##### Task data

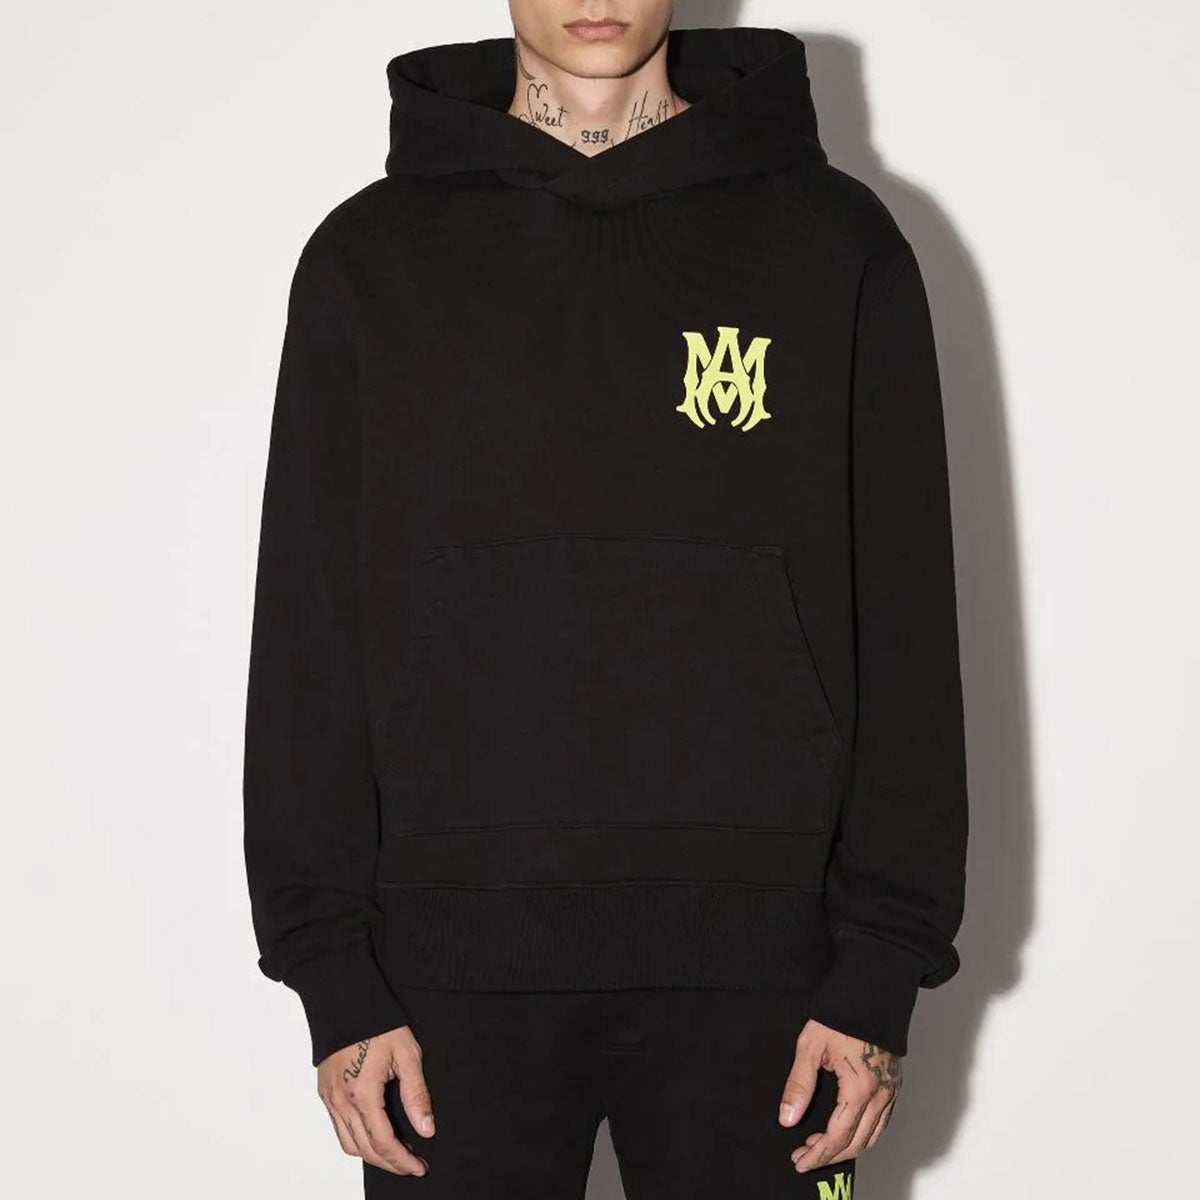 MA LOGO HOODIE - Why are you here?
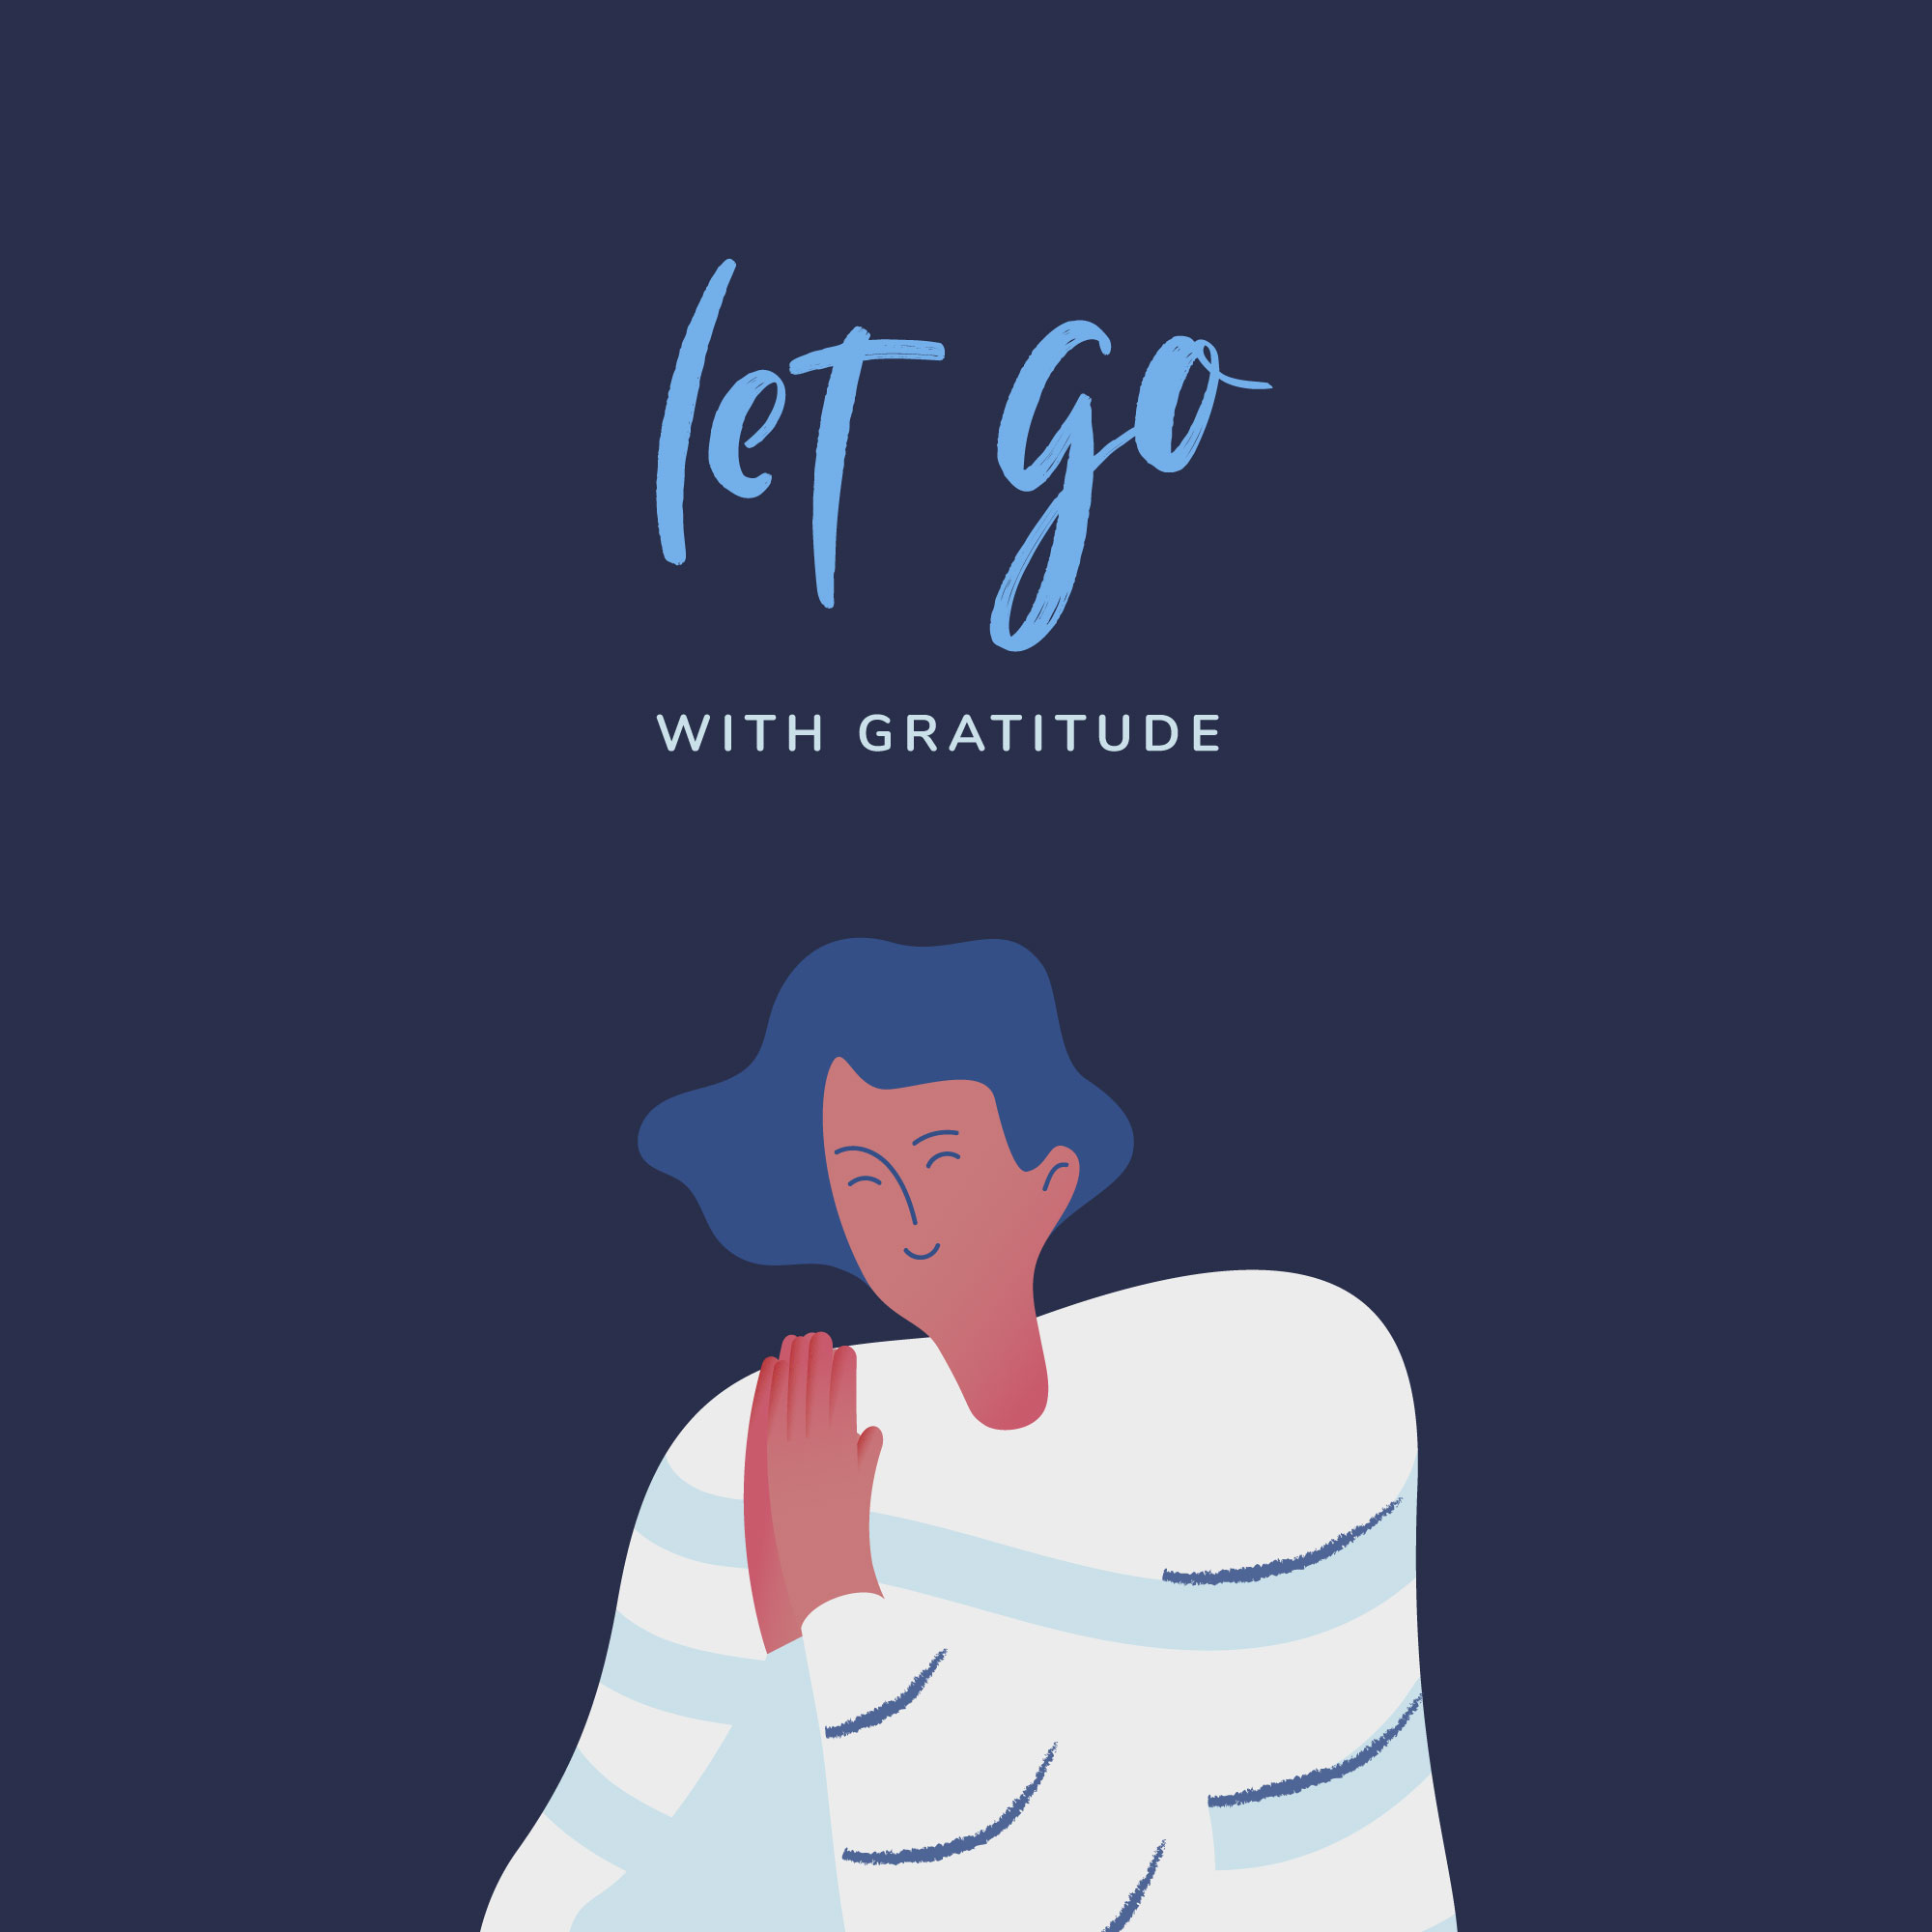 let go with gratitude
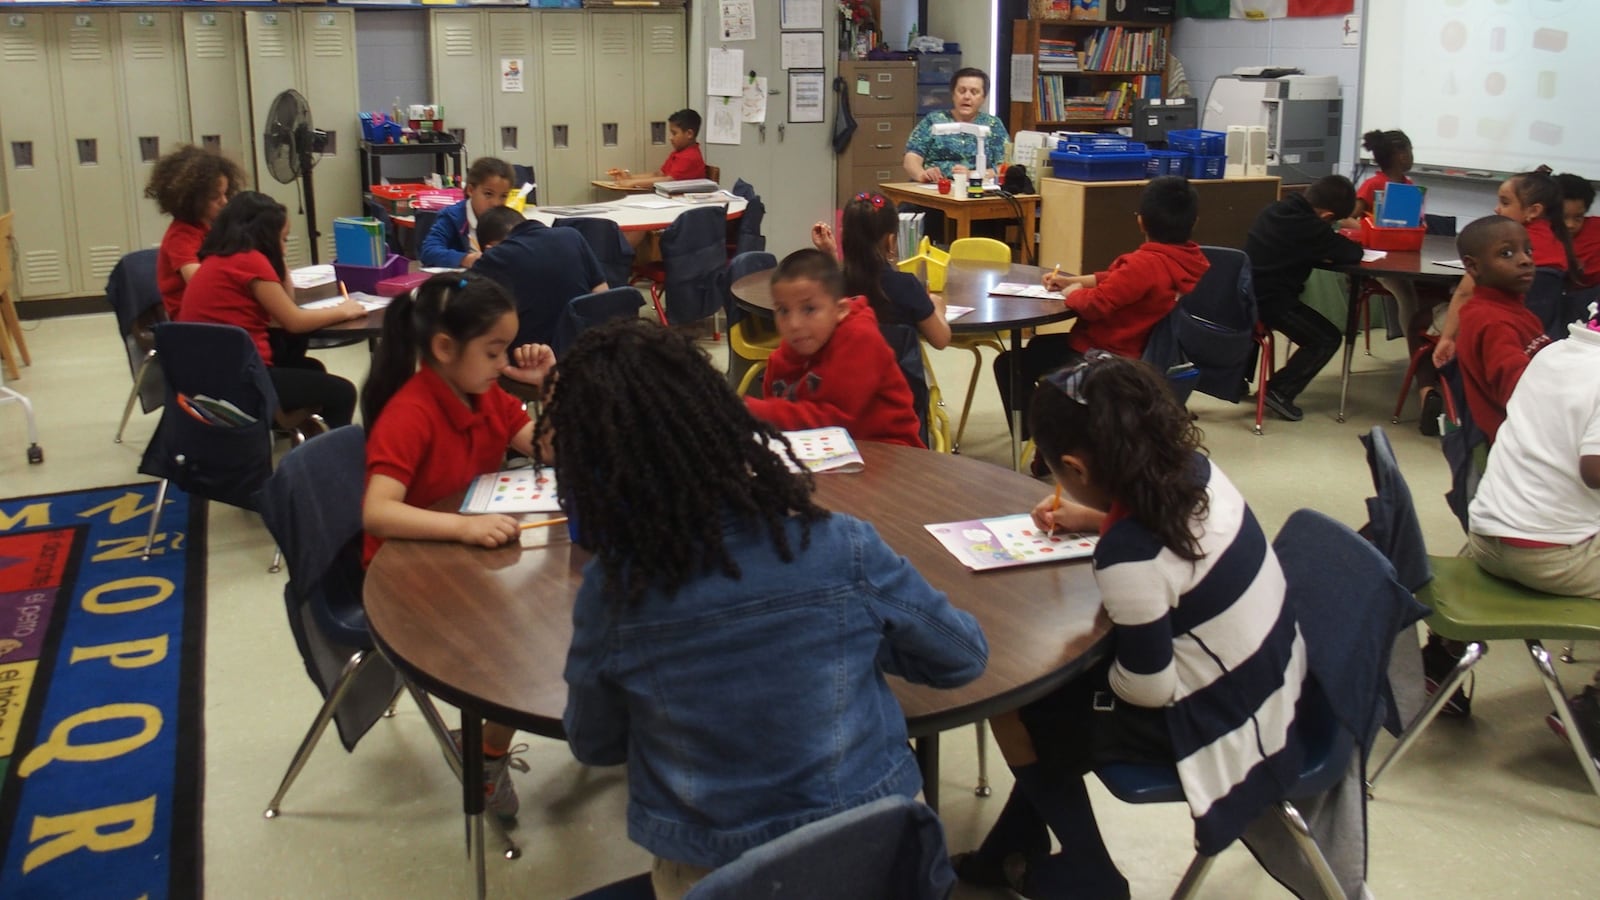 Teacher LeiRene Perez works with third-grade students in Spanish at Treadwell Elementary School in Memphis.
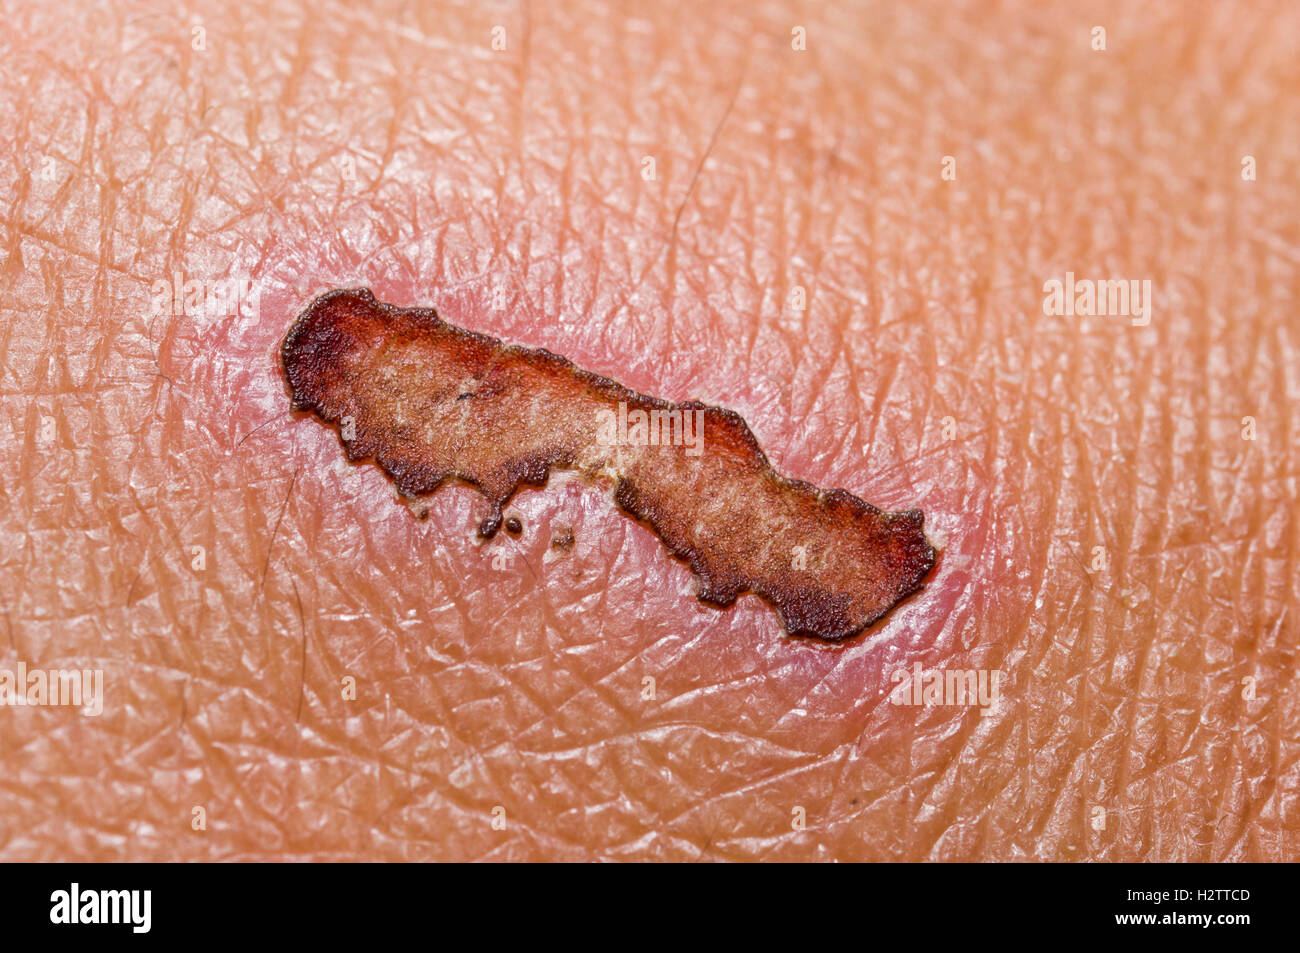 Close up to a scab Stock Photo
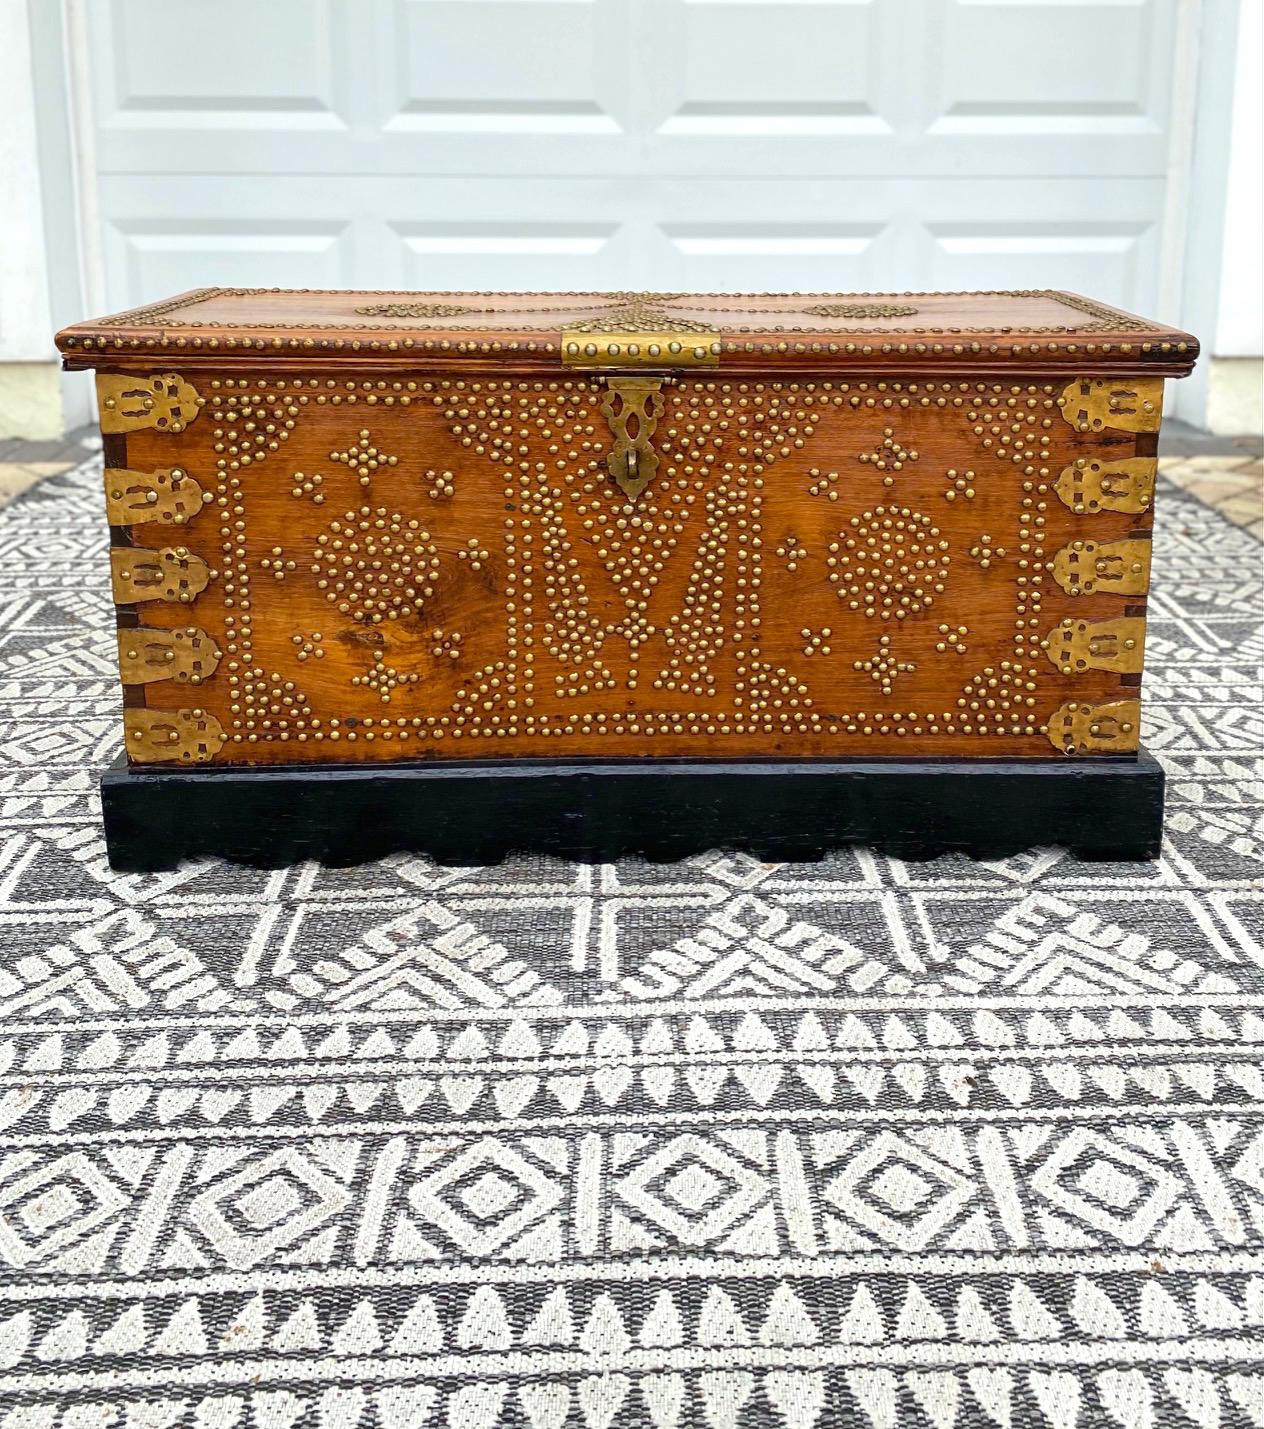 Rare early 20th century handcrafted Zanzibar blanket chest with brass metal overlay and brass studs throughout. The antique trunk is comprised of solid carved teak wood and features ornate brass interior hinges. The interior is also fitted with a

##########

How to complete this task » Every entry above has to be repeated exactly, apart from its pictures.

Response box »
 MA LOGO HOODIE - Why are you here?
 let go with gratitude
 Teacher LeiRene Perez works with third-grade students in Spanish at Treadwell Elementary School in Memphis.
 Close up to a scab Stock Photo
 Rare early 20th century handcrafted Zanzibar blanket chest with brass metal overlay and brass studs throughout. The antique trunk is comprised of solid carved teak wood and features ornate brass interior hinges. The interior is also fitted with a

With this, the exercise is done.